The key to maintaining a healthy diet is understanding how to eat right in the first place. The diet industry could not be more confusing with its conflicting views, fad diets and continuous altering of information.
In reality, a healthful diet is actually quite simple. Once you know the basics you can alter it to fit your lifestyle and your taste buds. Here are 7 principles of healthful eating.
Eat Real Food
In general, you want to be sure you are consuming whole, nutritious foods such as in-season fruits and veggies, whole grains (quinoa, brown rice, etc.), whole grain bread/pasta, lean meats, Greek yogurt, hummus, nuts and seeds, all natural nut butters, organic eggs, beans, and water.This is not a definite list but a general idea of good foods to consume.
For the most part try to avoid processed/boxed foods, sodas and other sugary drinks, fast food, fried food, white bread, refined pasta, canned foods, chips, and candy.
The 80/20 rule
While it is important to get the majority of your calories from clean foods, there has to be some room for treats, otherwise you will be miserable and probably won’t last too long on the diet.
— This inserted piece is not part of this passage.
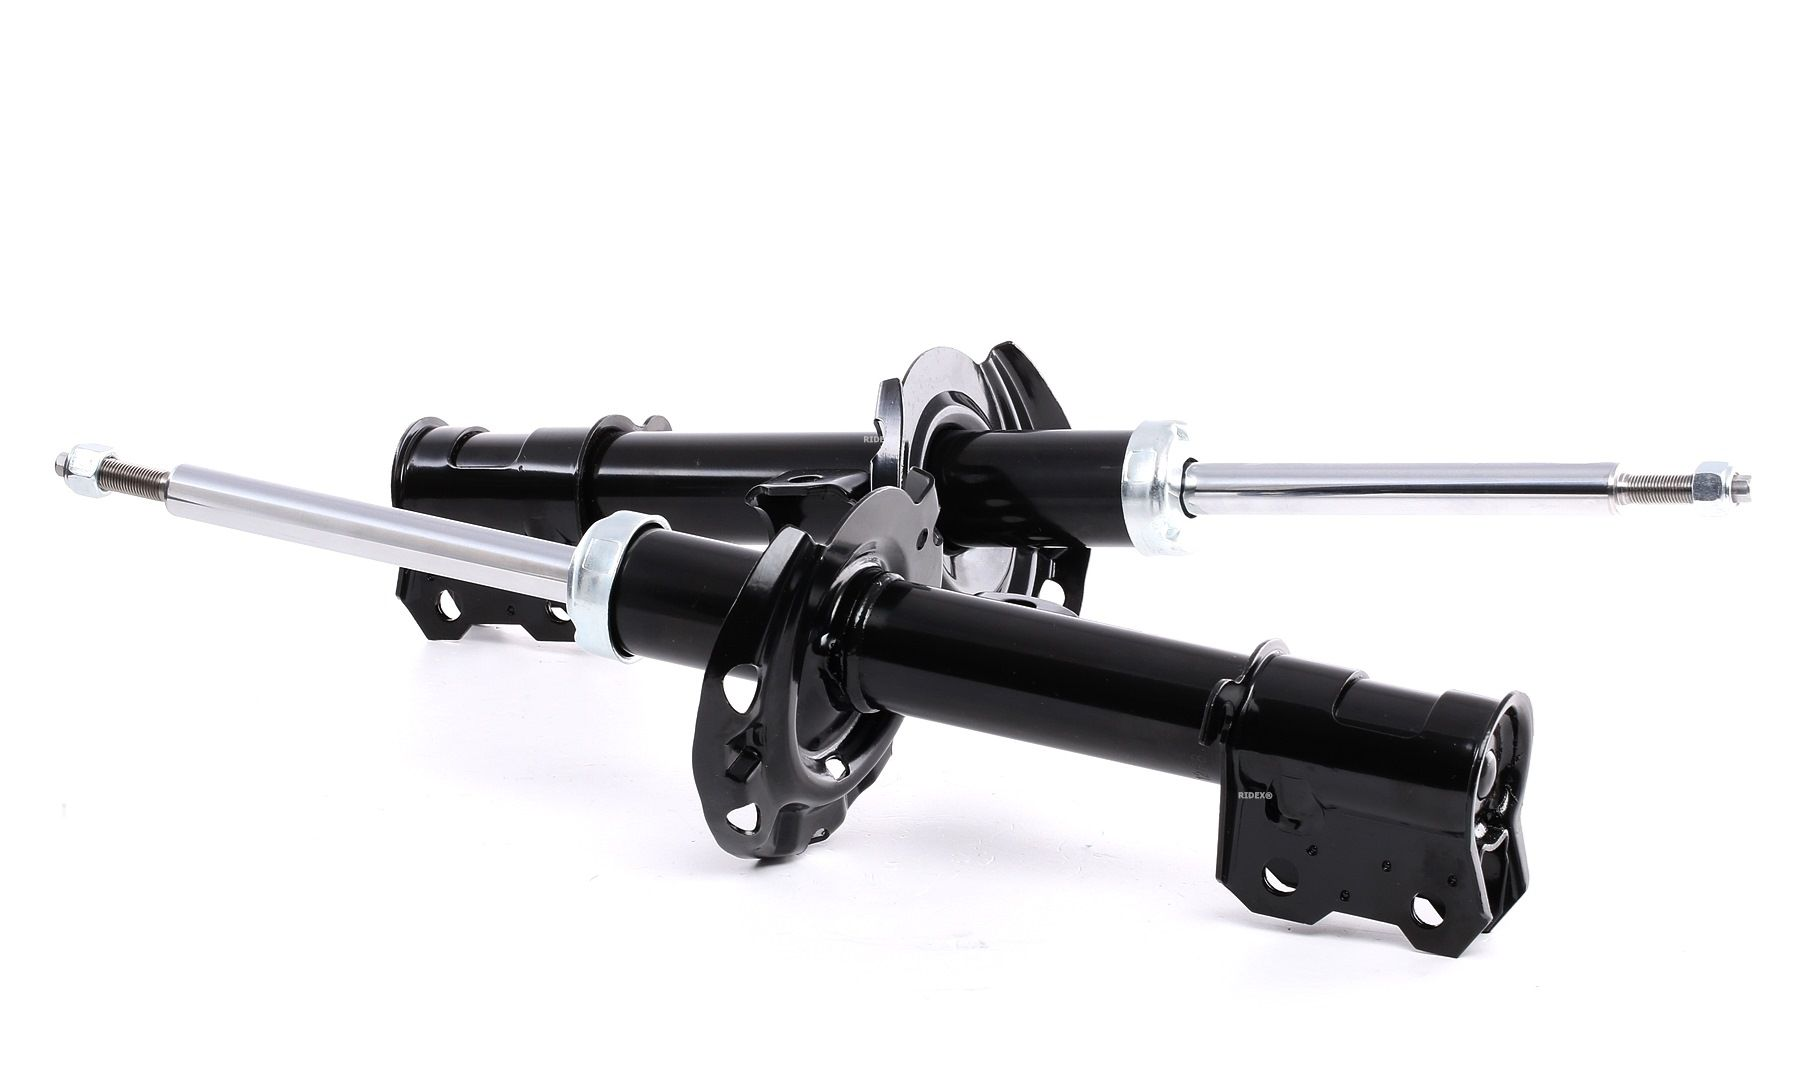 OPEL CORSA 2015 Federbein - Original RIDEX 854S1613 Länge: 497mm, Ø: 45mm, Ø: 45mm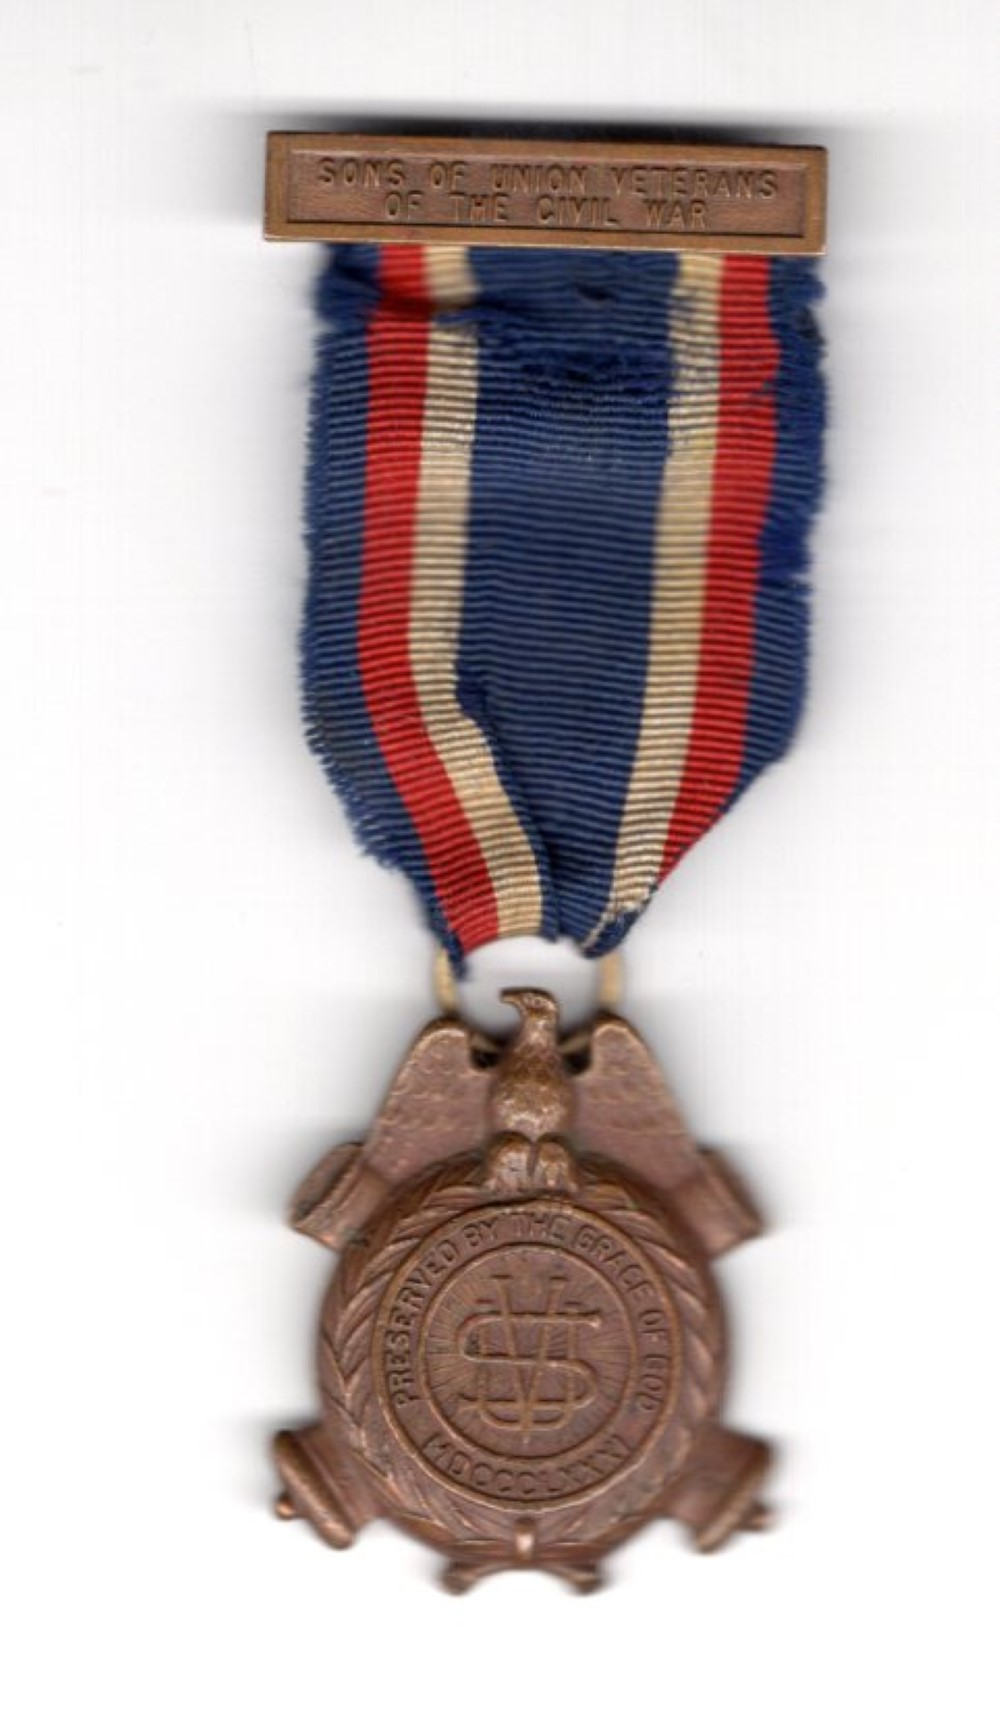 Sons of Union Veterans medal

A general rule of thumb is to eat clean 80% of the time and treat yourself the other 20% of the time. Allow a small treat every day or every other day, or allow for a big treat a few times per week.
Eat Less Meat
While meat offers a good source of protein, iron and vitamin B12, it also packs a lot of saturated fat and cholesterol. For this reason, meat should make up a small majority of your diet. For the most part the baseline of a healthful diet should consist of grains, nuts, seeds, fruits and vegetables; think Mediterranean diet. Nuts, beans, and whole grains are all great replacements for meat as they contain a lot of protein with better (or no) fats and a lot of fiber.
Reduce Sodium and Sugar Intake
While both sodium and sugar are essential parts of the human diet, it is safe to say that most people get more than enough. How can we avoid eating too much? First of all, staying away from the boxed foods is a start. These foods typically contain a huge amount of added sodium or sugar, especially if the labels read “low-fat” or “non-fat.”
Try to avoid adding extra salt while cooking; remember that a little bit can go a long way. Use flavorful spices and a lot of fresh herbs to count for a lack of salt.
It is also wise to limit fruit intake to 1-2 servings per day, as many fruits contain a lot of sugar. Instead of reaching for an apple, go for a serving of berries as they are known for their low sugar content.
Replace refined grains such as white bread, white rice, white potato, white pasta with whole grains. Whole grains are foods like steel-cut or rolled oats, brown rice, sweet potato, whole wheat bread/tortilla/pasta, quinoa, couscous, whole grain barley, lentils, etc.
Instead of white toast in the mornings try having some oatmeal and berries with your eggs. Instead of croutons add some quinoa to your salad. Try some brown rice on the side for dinner.
Many people are confused about fats. Fats are an extremely important energy source for the body and the brain. There are two important things to know about fats.
1) You want to know which fats are good for you. The “bad” fats are saturated and trans fats which are found in foods like dairy, beef products, palm and coconut oil, butter, and fried foods. The “good” fats are polyunsaturated and monounsaturated fats which are found in foods such as nuts and seeds, nut butters, vegetable oils, oily fish like salmon, avocado, olives, etc.
2) You need to know that fats contain more calories per gram than do carbohydrates and protein. So, although fats are extremely beneficial, you need to ensure you are not over-eating them. I will discuss this next.
Watch Portion Sizes
The easiest, and really only, way to gain extra unwanted weight is by eating too much. While unhealthy foods may be the culprit of various diseases, calories are the one and only culprit of weight gain. No matter what you are eating you need to have an understanding of healthy portion sizes. Does that mean you need to measure everything you eat? Certainly not. Here are some general tips.
- Women should have about 3-4 oz of meat or a portion of meet the size of your palm
- Carbohydrates (rice, beans, quiono, etc.) should be between ½-1 cup or a portion the size of one cupped-hand.
- Because they are so low in calories yet high in nutrients, there is no limit of vegetables. In general about 2 cups, or two cupped-hand sizes is recommended. Shoot for a lot of leafy green vegetables.
- Have 1 medium sized whole fruit or 1 cup (or size of a cupped-hand) of berries
- Consume about 1 oz, or a serving the size of your thumb, of nuts/oils.
- The portion size for nut butters is 1 tbsp per serving.
- Listen to your body: eat when you are hungry, stop when you are full.
To sum it up
The majority of your diet should consist of real, whole foods.
Limit processed and junk food but do not completely cut it out. Follow the 80/20 rule.
Try to consume less meat and more beans and whole grains.
Be aware of your salt and sugar intake.
Replace refined grains with wholesome grains.
Pay attention to the type and amount of fats you consume.
Be conscious of portion sizes.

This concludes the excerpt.